From definition of conditional probability, we should have 
$$P(HH|A) = \frac{P(HH\cap A)}{P(A)}.$$
But the numerator does not make sense to me as both $HH$ and $A$ come from different sample space.
 A: If you have two fair coins, then they are indistinguishable. The probability that the coins is A is $1/2$. No need for any long reasoning.
If you need to answer the second question.
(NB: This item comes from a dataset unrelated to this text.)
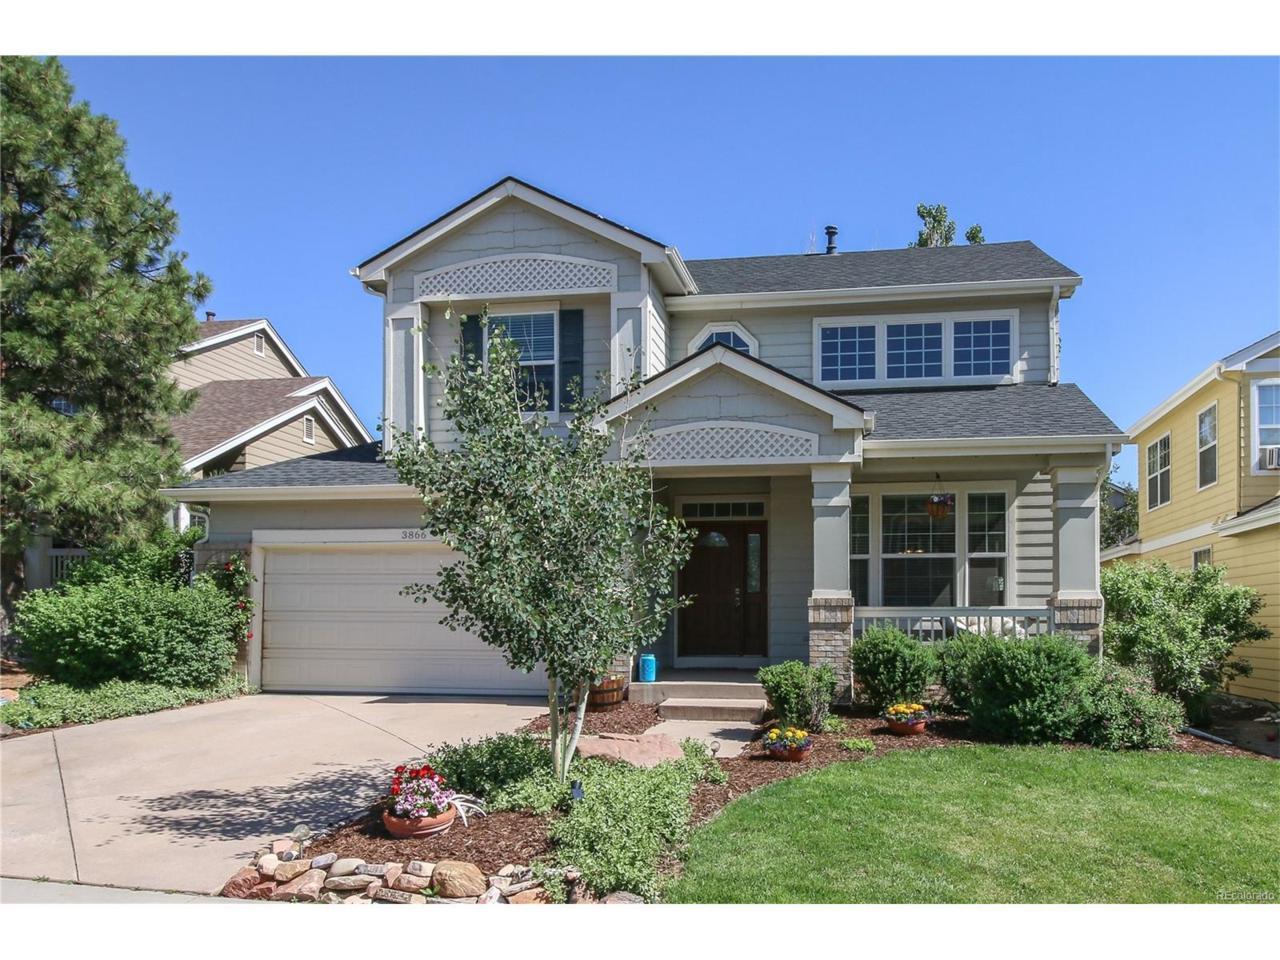 3866 Mallard Street, Highlands Ranch, CO 80126 (MLS #6900006) :: 8z Real Estate

The coins are fair, the event A give you no information (the events H and A are independent) hence
$$P(HH\mid A)=\frac{P(HH\cap A)}{P(A)}=\frac{P(HH)P(A)}{P(A)}=P(HH)$$
By independence of event 
$$P(HH\mid A)=P(HH)=P(H)^2$$
And using the first argument again
$$P(HH\mid A)=P(HH)=P(H)^2=P(H\mid A)^2$$
A: To answer your question directly:
The problem stmt includes "2 fair coins, A and B".  I would argue that this statement clearly implies 
$$P(HH \mid A) = 1/4, \,\,\,\,\,\,\,\,\,\,\,\, P(H \mid A) = 1/2$$
and any number of things you can say about a fair coin.  Isn't that what a "A is fair" means?
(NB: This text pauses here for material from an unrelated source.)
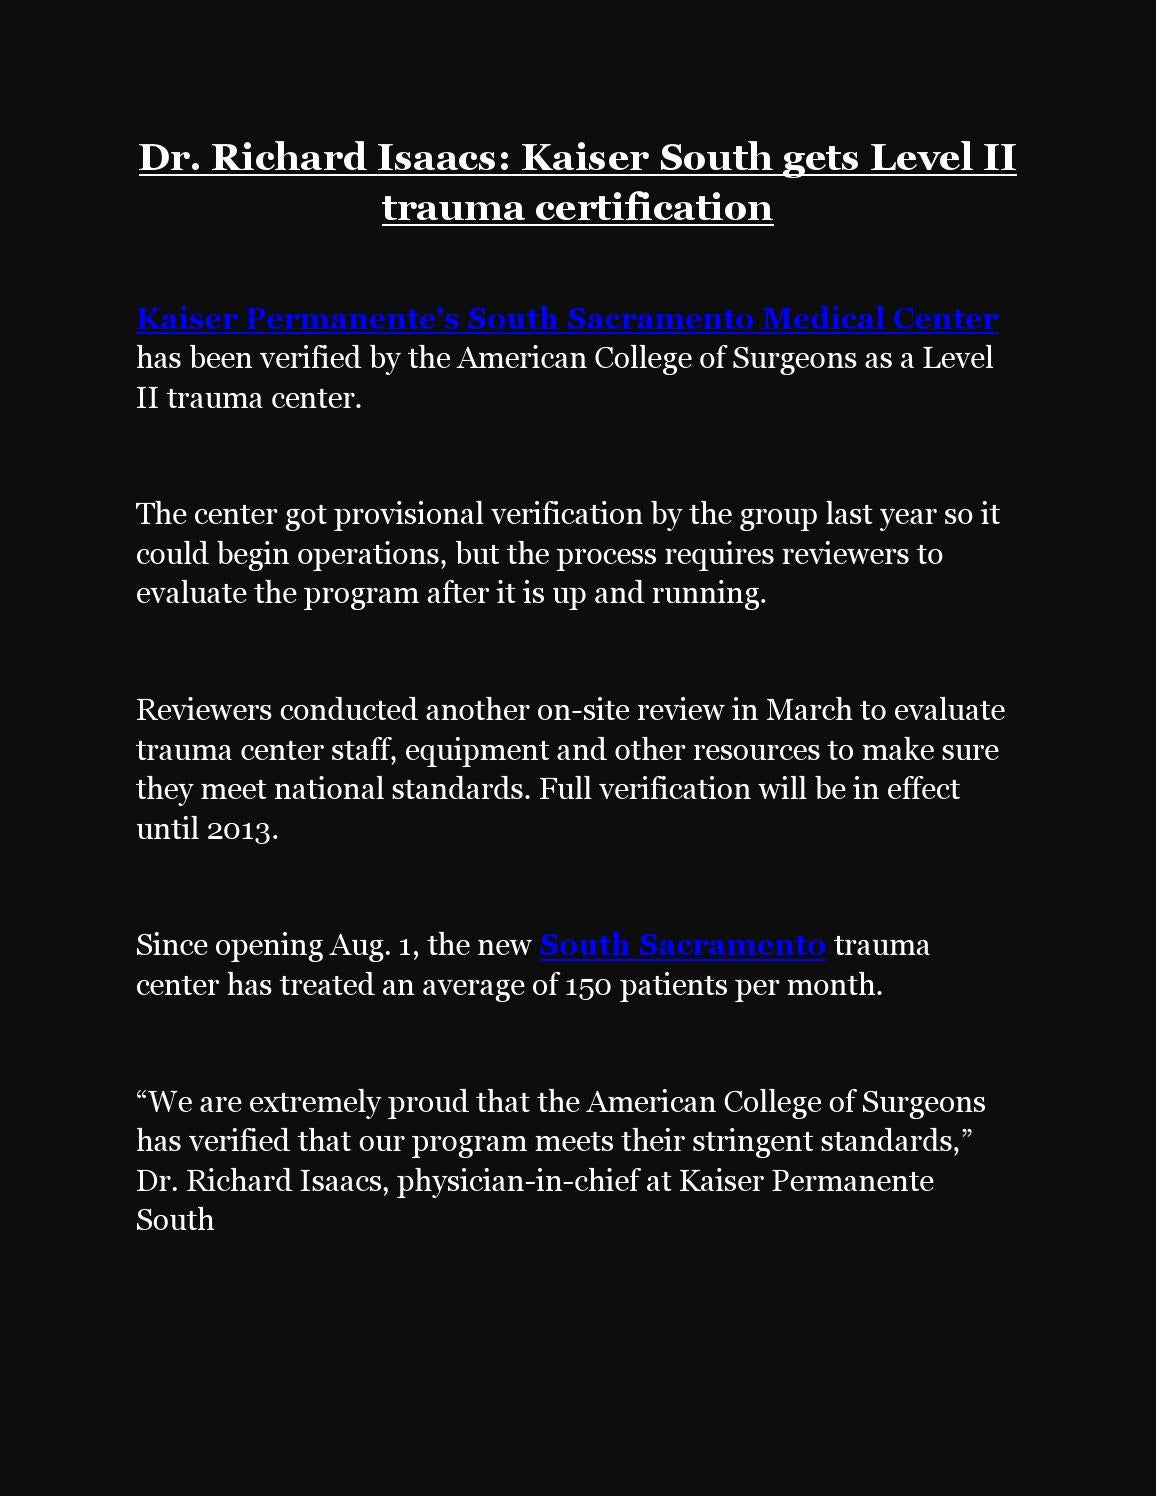 Dr richard isaacs kaiser south gets level ii trauma certification dr richard isaacs kaiser south gets level ii trauma certification by bailey williams issuu xflitez Images

The original question is "what is $P(A \mid HH)$?"  IMHO this question is actually unanswerable!
The original stmt did not give any info about how $A$ vs $B$ is picked.  Maybe I always pick $A$, or always $B$, or 70-30 favoring $B$, etc.  One cannot compute the posterior $P(A \mid HH)$ when the prior $P(A)$ is not given, unless one assumes some prior.  In this case the natural assumption is $P(A)=P(B)=1/2$, but it is just an assumption.
The following will show that, in this example, whatever prior you pick will be also your posterior, i.e. $P(A \mid HH) = P(A)$, even if the value is not $1/2$.


*

*$P(A \mid HH) = {P(A \cap HH) \over P(HH)}$

*$P(A \cap HH) = P(HH \mid A) P(A) = \frac14 P(A)$ because it is given that $A$ is fair
Now what is $P(HH)$?  It is "obviously" also $\frac14$ but lets prove it rigorously using the given facts that $A$ is fair and $B$ is fair.


*

*$P(HH) = P(HH \mid A)P(A) + P(HH\mid B) P(B) = \frac14 P(A) + \frac14 P(B) = \frac14 $
Note that in the line above, we just needed $P(A)+P(B)=1$ but we did not need $P(A)=1/2$.  So now we put everything together:
$$P(A\mid HH) = {P(A\cap HH) \over P(HH)} = {\frac14 P(A) \over \frac14} = P(A)$$
In other words, in this example, because $A$ and $B$ are identical, the posterior $P(A \mid HH)$ equals the prior $P(A)$, no matter what value the prior is.  If you say the answer is $1/2$, that's just because of the natural assumption that the prior is $P(A) =1/2$ when it is not explicitly stated in the problem wording.